I think there’s a lot to that. As I wrote week before last, keeping people behind the war effort means retaining their trust. And it’s hard to retain their trust when you’re engaging in gimmicks and evasions. There’s been way too much of that (and way too little visible action) from the White House lately, and the Administration is paying the price. The problem is that gimmicks work during normal times, when people don’t much care about politics, don’t pay much attention, and — because they don’t expect much from politicians anyway — don’t get too angry about attempts to mislead them. But all that changes in wartime. You need trust — and to keep it, you actually have to be trustworthy. You can fudge that for a little while, but not very long, and probably not for as long as overconfident political operatives think they can.

I wrote some months ago that if Bush took a tumble on this it would happen very fast once it started. I don’t think he’s to that point yet, but I think he’s getting closer. Is anyone in the Administration paying attention?

ANDREW SULLIVAN writes about economic schadenfreude. But he suggests that the economy won’t make much of a political issue:

After the crash of 1987, the Democrats and liberals made every effort to portray the 1980s as a decade of greed, fomented by selfish Republicans. But that is politically much harder to do with the 1990s. It was an era when the Democrats finally managed to persuade Americans that they could manage the economy. Today, the Democrats don’t have any deep incentive to alter that perception. That’s why they want to link the current corporate excess with a Republican administration – a strategy undermined solely by the facts.
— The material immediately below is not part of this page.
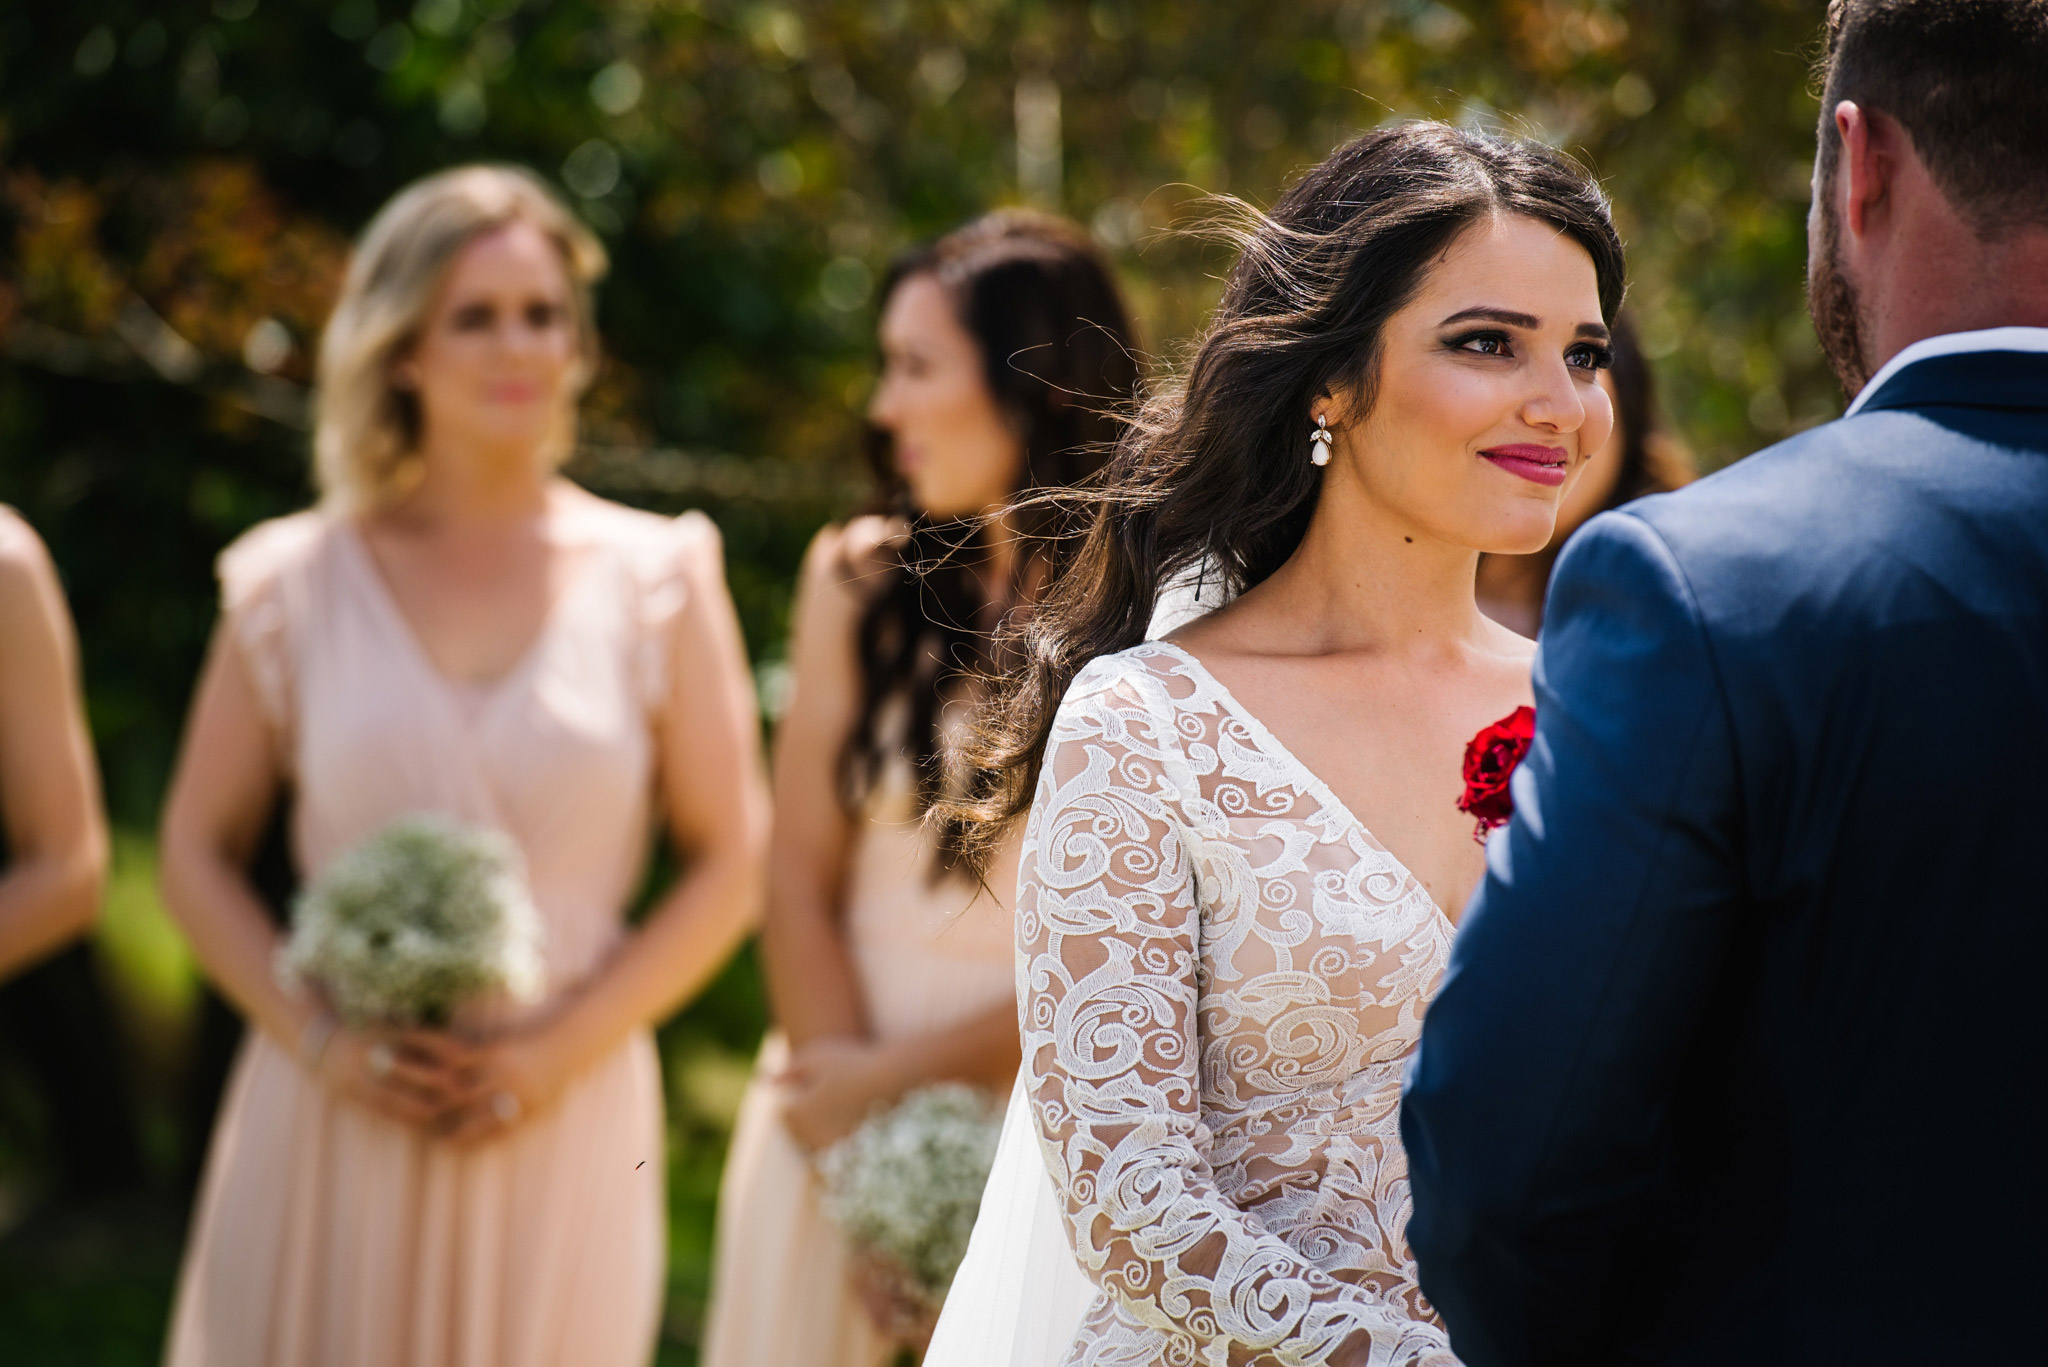 Vows-at-Hawkesbury-River-wedding-ceremony.jpg

THE KAUS-ENRON CONNECTION exposed.

FRIENDLY FIRE IN AFGHANISTAN: If this interests you, you should be reading Flit. He’s got steady updates, and is covering this like nobody else.

THE PENTAGON’S PYSCHOLOGICAL WARFARE EFFORT is moving to Omaha, according to Geitner Simmons.

Or maybe that’s just what they want us to think. . . .

Or, maybe they’re just Moby Grape fans.

WILLIAM J. BROAD reports in The New York Times that the federal government is planning mass smallpox vaccinations. This seems like a good idea to me, far superior to the lame vaccinate-just-a-few plan floated a couple of months back. It suggests that either (1) there’s clearer thinking at the top all of a sudden; or (2) the risk of a smallpox attack now seems higher than it did. The former is good news; the latter is not so good.

NEW TROUBLE IN ALGERIA. It’s not getting a lot of press play, though I did see it covered on CNN the other day.